Google sniffs opportunity in mobiles
The U.S. search giant controls more than 80 percent of the world market for online searches, but its visibility on Korean desktops makes it more akin to a minnow in storm-swept waters.
This is something it is moving to address given the lucrative nature of cell phone advertising, which the industry estimates will be worth as much as 530 billion won ($469 million) next year.
As people start to perform as many searches on their smartphones and tablets as they do on their laptops and desktop PCs, the search business is being realigned with the mobile element placed in the foreground.
For Google, it could be the perfect time to again try its hand at winning over Korean netizens.
Simplicity and neatness are Google’s key advantages in the mobile search business, and this quickly becomes apparent when the Google app is opened on a smartphone.
The basic design of a logo and a search box is a marked contrast to the Naver app, which also offers news headlines, photos and other services.
But Google officials work based on the logic that less is more. And with the company’s research team claiming to now own 20 percent of Korea’s mobile search market, this may not be far off the mark.
According to industry sources, Eric Schmidt, Google’s executive chairman, stressed the importance of this business segment to Google Korea officials during his visit to Seoul early this month and promised his full support.

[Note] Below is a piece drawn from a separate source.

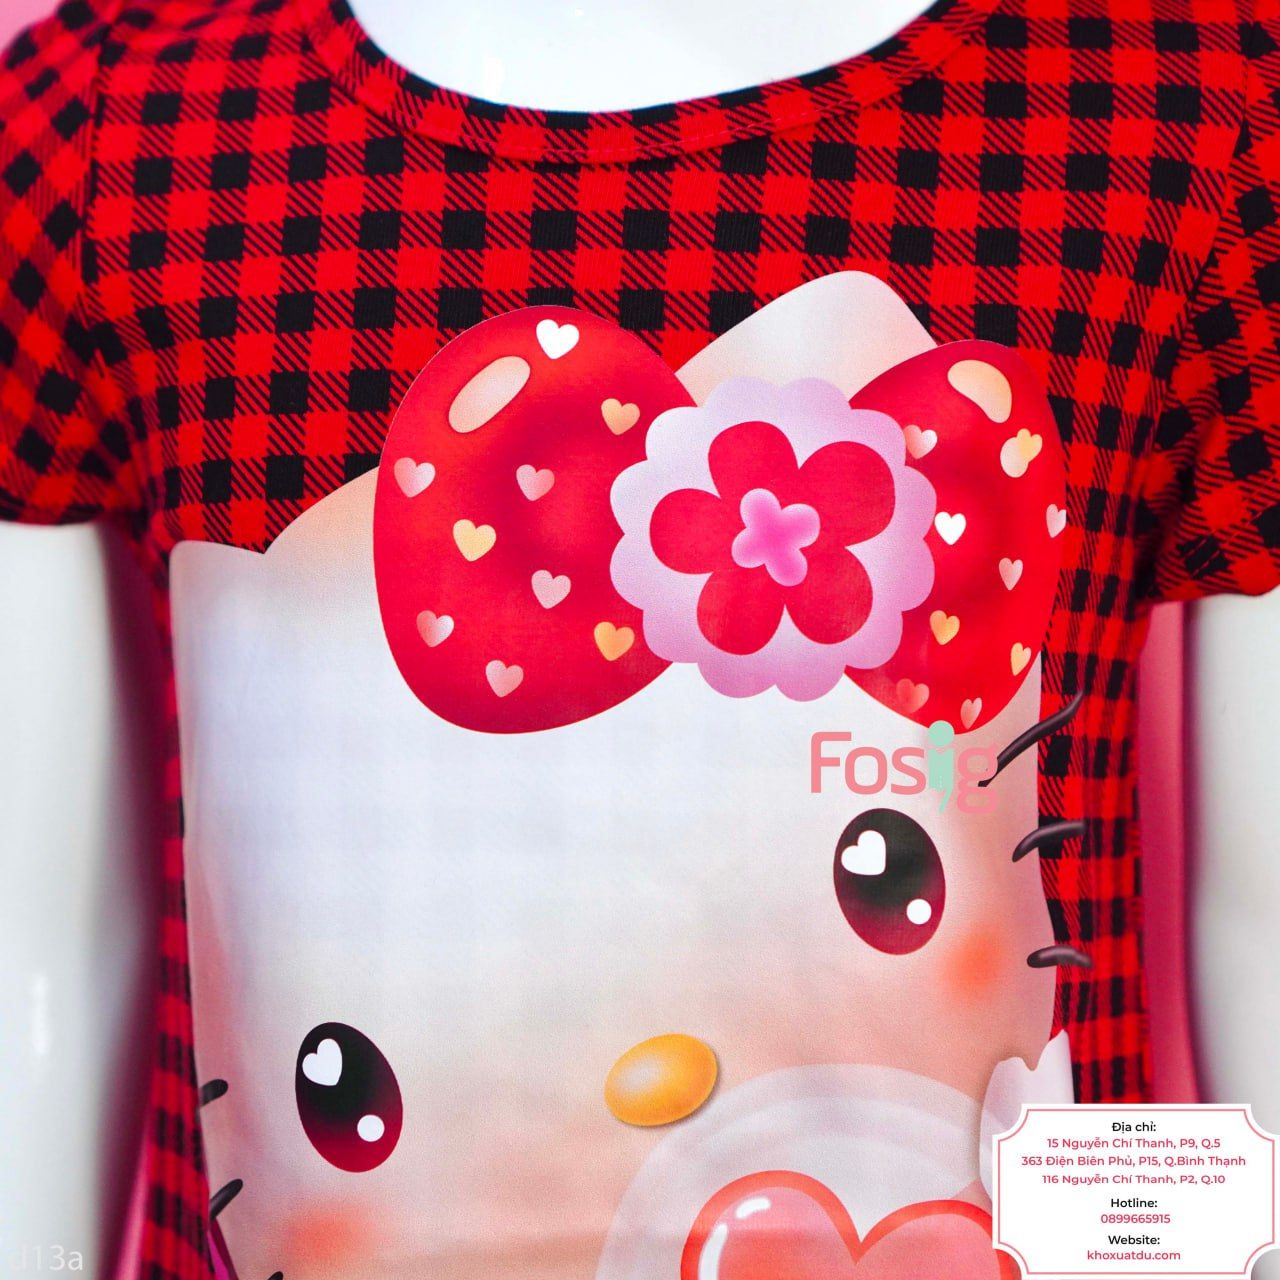  [17-18kg] Đầm Tay Ngắn Bé Gái HM130 - Caro Đỏ Hello Kitty

Furthermore, Google Korea recently streamlined its operations, especially its research and development and sales units, to better suit its “mobile first” strategy.
In September, it invited 300 major advertisers from around the country and showed them the various ways in which they could place ads on its mobile service.
Google has also been aggressively introducing new services within its mobile search operation. Having come to the conclusion that 20 percent of mobile searches are now conducted via voice-activated commands, it has made a mobile voice search available in 14 different languages, including Korean.
One of its more popular creations is the Transit Navigation app. A component of the latest version of Google Maps, this personal navigator delivers constantly updated information on public transport in 400 cities around the globe.
The main obstacles to greater market access, however, are Naver and Daum - which are also both ramping up their mobile initiatives.
The two dominate the domestic search engine industry, with Naver owning 73 percent of the advertising revenue and Daum controlling 18 percent. Together, they have a stranglehold on a business calculated to be worth in excess of 1 trillion won.
Naver’s strength is its rich content, which includes an extensive list of computer games courtesy of Hangame, its sister company.
In fact, the brand has so entrenched itself among the public consciousness that its green logo is easy for most Koreans to recognize. Now Naver simply has to migrate this solid customer base over to mobile Internet usage.
“Our daily sales from mobile search ads recently rose to 120 million won. At this pace, we think we should hit sales of around 30 billion won this year,” said Won Yoon-sik, a Naver spokesperson.
He added that Naver is focusing its mobile service on four key features, namely: convenience, social networking services, cloud computing services and location-based services.
Cloud computing allows files and software to be viewed anywhere, anytime, as users store data and software in remote centers.
Meanwhile, Daum is betting on its map service, as the majority of searches conducted on mobile devices are aimed at finding locations and directions.
Its latest creation is Store View, a more detailed version of Google’s Street View. Store View allows users to get a look inside stores of their choice on their smartphone screens without having to be physically present.
Daum has also introduced a number of search tools to distinguish itself. Its Barcode Search opens up a list of related search options simply by scanning the barcode of a product. Object Search provides a similar function by using digital photographs of objects or labels, for example on a bottle of wine.
“Our services are optimized for mobile phone use,” said Kim Ji-hyeon, the director of Daum’s mobile business.
“They are now being tweaked to make them even more convenient.”